What Actually Matters?

And this is where we go wrong. We are just persisting the same incessant bird song frequently without pausing to think about what actually matters. We should heed the advice of the ancient myth and reflect on what is important to persist. I know this is against most received wisdom in BI and Big Data, where the mantra has been “persist as much as possible, you never know when you are going to need it”

But actually the tides are turning on that view due to a number of new limiting factors such as storage, processing and connectivity. Granted, storage is still getting cheaper and cheaper and network bandwidth more and more ample. Even processing is getting cheaper. However, if you look closely at the fine print of the cloud vendors, services that process data and move data are not all that cheap. And you do need to move the data and process it in order to do anything with it. Amazon will allow you to store anything at next to no cost in S3, but if you want to process it with Glue or query with Athena it is not so cheap.

Another emerging constraining factor is connectivity. Many devices today still connect to the Internet through the cellular network. Now, cellular networks are operated by carriers that pay good money for the frequencies used. This money is passed on to the users. On average a device is not different from a cell phone, so naturally you have to pay something close to the price of a cell phone connection, around $30 to $40. I do get the enthusiasm around billions of devices, but if the majority of these are connecting to the internet through the cellular radio spectrum, then the price is also billions of dollars.

Suddenly, the bird song is not so pleasant to most ears and our ornithological enthusiasm is significantly curbed. These trends are sufficient to warrant us starting to think about persisting only what actually matters. That can be a lot, if you really have a feasible use case for storing for example for storing all your engine data (which you might), it could also be that the 120 data points per second from your connected tooth brush may turn out to probably not matter that much.

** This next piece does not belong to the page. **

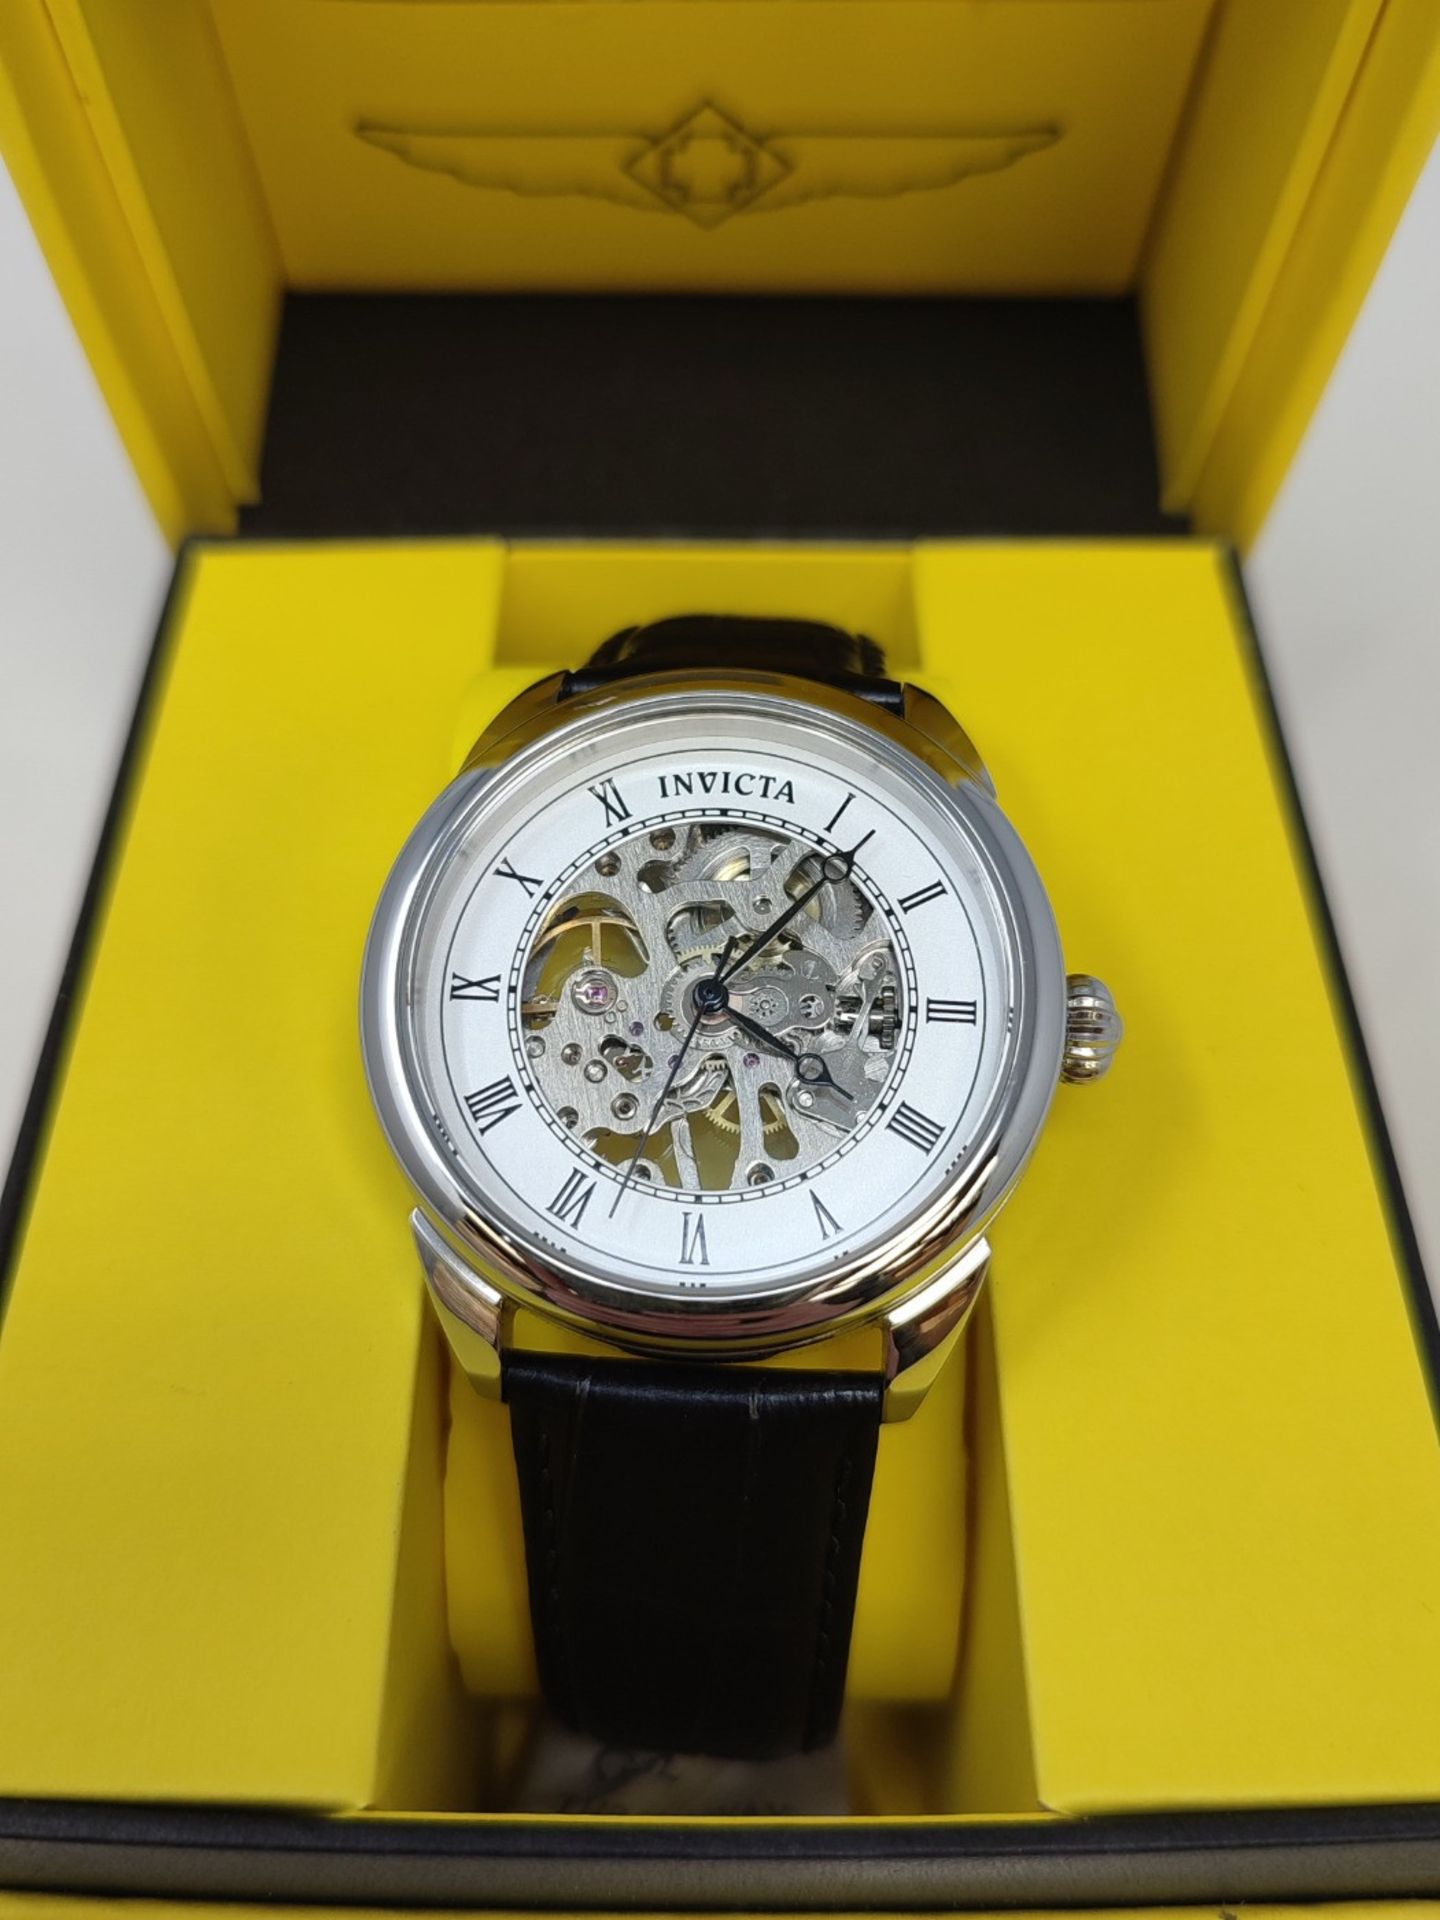 RRP £69.00 Invicta Specialty - Men's stainless steel watch with mechanical movement - 42 mm - Image 2 of 3

And I haven’t even started to touch on how you would ever find sense in all the data that you persisted to memory. Most solutions do not employ adequate metadata management or data catalogs or other solutions that would tell anyone what a piece of data actually “means”. If we don’t know or have any way of knowing what a piece of data means there is absolutely no reason to store it. If you have a data feed with 20 variables but you don’t know what they are, how is it ever going to help you?

Store what matters

This can actually be turned into a rule of thumb about data storage in general: The data should be stored only to the extent that someone feels it matters enough to describe what it actually is. If no one can be bothered to pin down a description of this variable and no one can be bothered to store that description anywhere it is because it doesn’t matter.